Why it's Time for the Subway to Enter the Digital Age

At three o’clock one January night, I found myself sprinting through the Broadway Junction station in Brooklyn to catch the L train, not wanting to be left alone on the platform for another 26 minutes with two seemingly asleep homeless people. When I finally reached the subway and boarded, just in time, I had to deal with the five obnoxious teenagers who reeked of alcohol. If I could have asked for anything that night, it would have been cell phone service — the ability to communicate with the outside world when I felt unsafe and anxious.
Subcells

Will Baker


Cell phones are as crucial a tool for New Yorkers as a flashlight is to campers in the wild. New York can be a dangerous city, and the subway in particular is an incubator for unlawful activities — since last year, subway crime has risen 17 percent, according to Owen Monaghan, an assistant chief in the Police Department’s Transit Bureau. Speaking to The New York Times on September 26, Monaghan also said that 1,000 subway riders  have been victims of thefts through August of this year. In response to this spike in crime, the city has emphasized the importance of staying safe in the subway:

“Keep your belongings close at all times,” the automated voice warns us. “A crowded subway is no defense to unlawful sexual conduct.”

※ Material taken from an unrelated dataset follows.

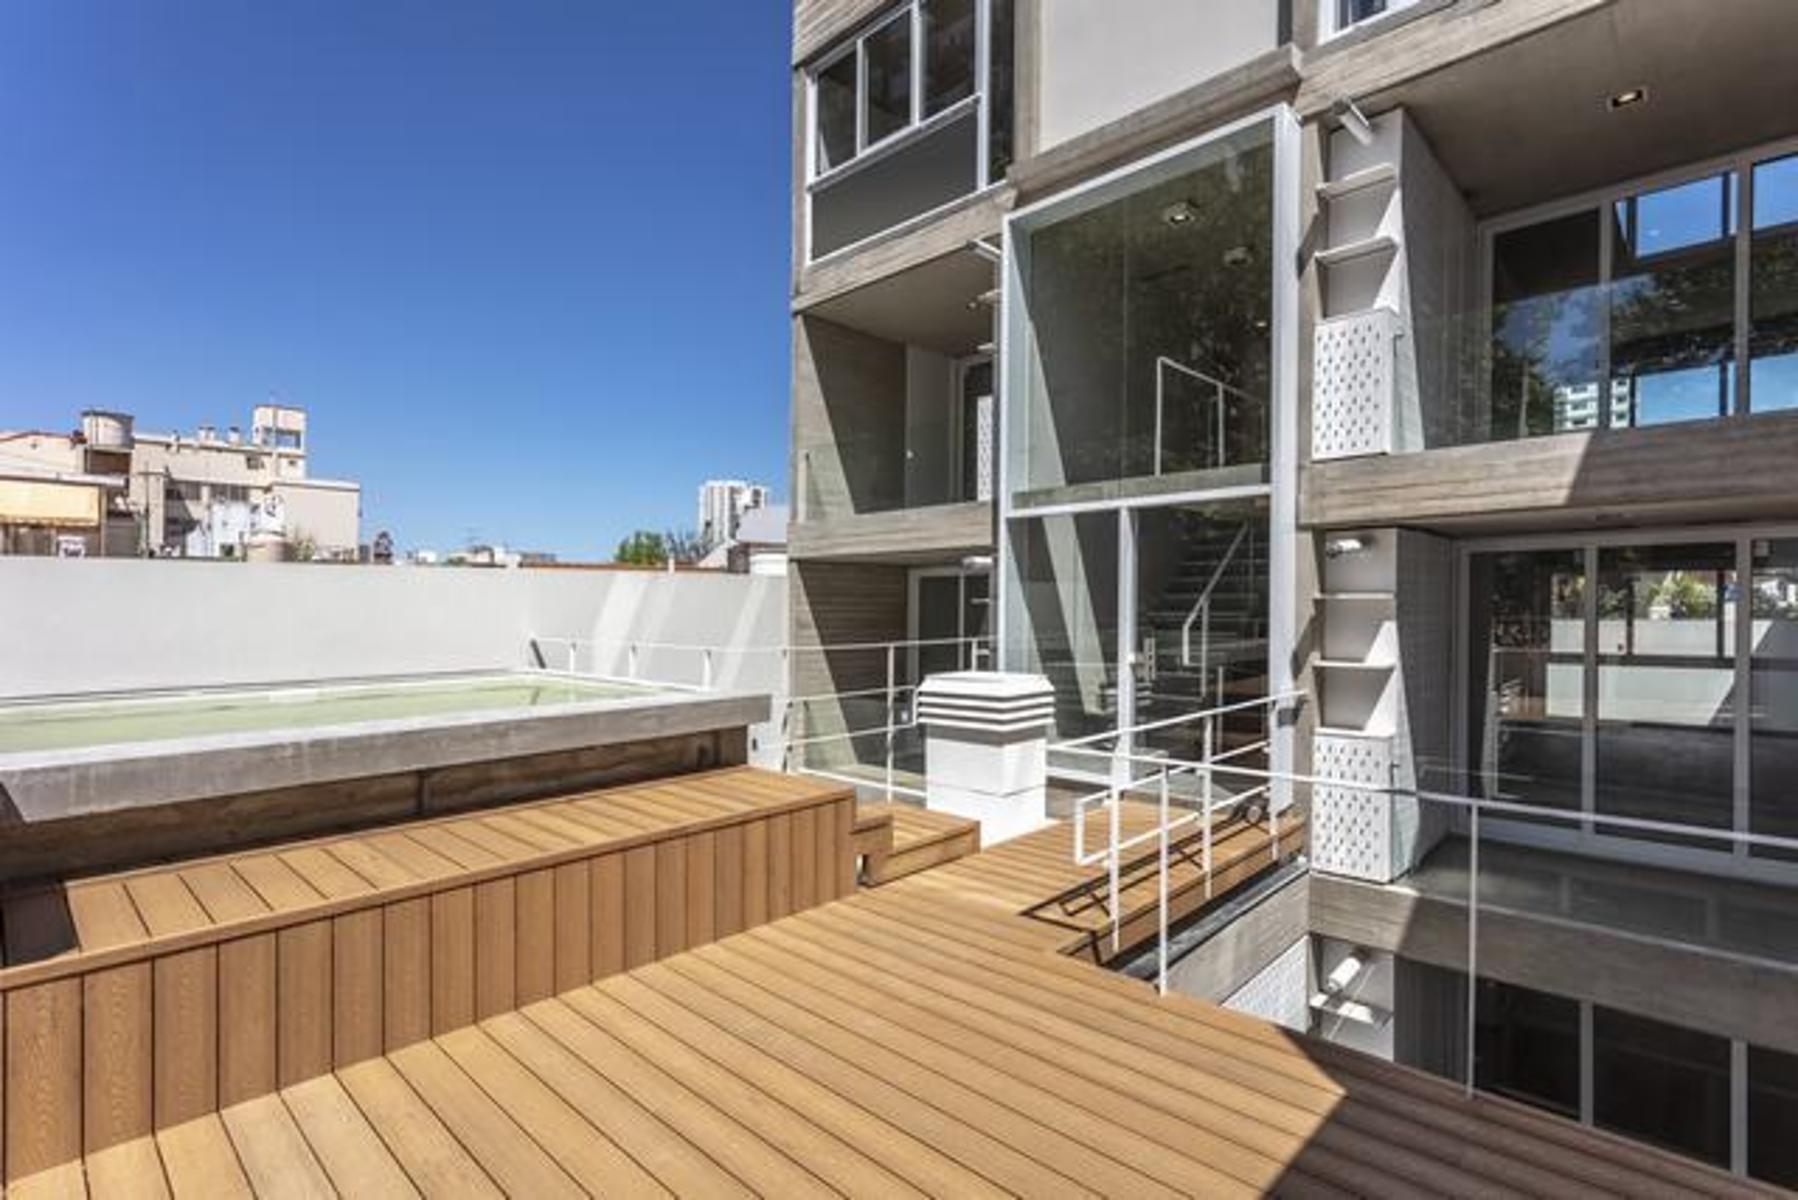 NUÑEZ, Excelente Monoambiente divisible c /balcón. Fte con fachada de época. Parrilla, solarium y pi

The MTA did take a major step towards safer subways when it introduced cell phone service to six Manhattan subway stations for customers of AT&T and T-Mobile this September. But plenty of New Yorkers use Verizon or other carriers, and six subway stations is a mere fraction of the total stations in New York. The payphones in the subway stations, meanwhile, are hardly useful — a survey released in July by the New York Public Interest Research Group’s Straphangers Campaign showed that 31 percent of those payphones don’t work. The MTA is constantly reminding us to “remain alert,” but in the event of an emergency, our ability to communicate with the outside world is severely limited.

If Michael Bloomberg is serious about making New York a safer city, he needs to make the expansion of wireless service throughout the subway system one of his top priorities. This isn’t about servicing Facebook and Tumblr addicts. It’s about creating a safer atmosphere. Cell phones don’t just allow us to update our statuses — they’re essential urban survival gadgets.

Cell phone service could ease passengers’ frustrations about the fact that the subway is constantly experiencing delays: sections are under construction, there’s a police investigation, a passenger got sick and the train is sitting in the station. Don’t get me wrong — I think the MTA is doing the best it can to cater to the 1.604 billion annual riders. They have taken huge strides to provide information about service changes; commuters can now sign up on the MTA website to receive email or text message alerts about planned work or delays, and new countdown clocks on the platforms tell riders when the next trains will arrive.

Still, the MTA could take one step further to enhance the comfort and convenience of commuting on the subway by providing cell phone reception. In the unfortunate but inevitable event that one does get stuck mid-journey, wireless service would be invaluable, as it would allow you to call or text whomever you had an appointment with to let them know you are safe and will just be running late.

Of course, there’s the possibility that we would have to endure a symphony of ringtones or listen to the person next to us break up with her boyfriend on the phone. But New Yorkers have a high tolerance for noise. We may need to redefine subway etiquette and ask our fellow riders to “please keep your voice down a little,” but that’s a small price to pay for safer subways. In today’s world, where everyone is always connected to everyone else, where communication is as easy as the push of a button, cell phone reception is necessary. New York is one of the greatest cities in the world. It’s time we get connected.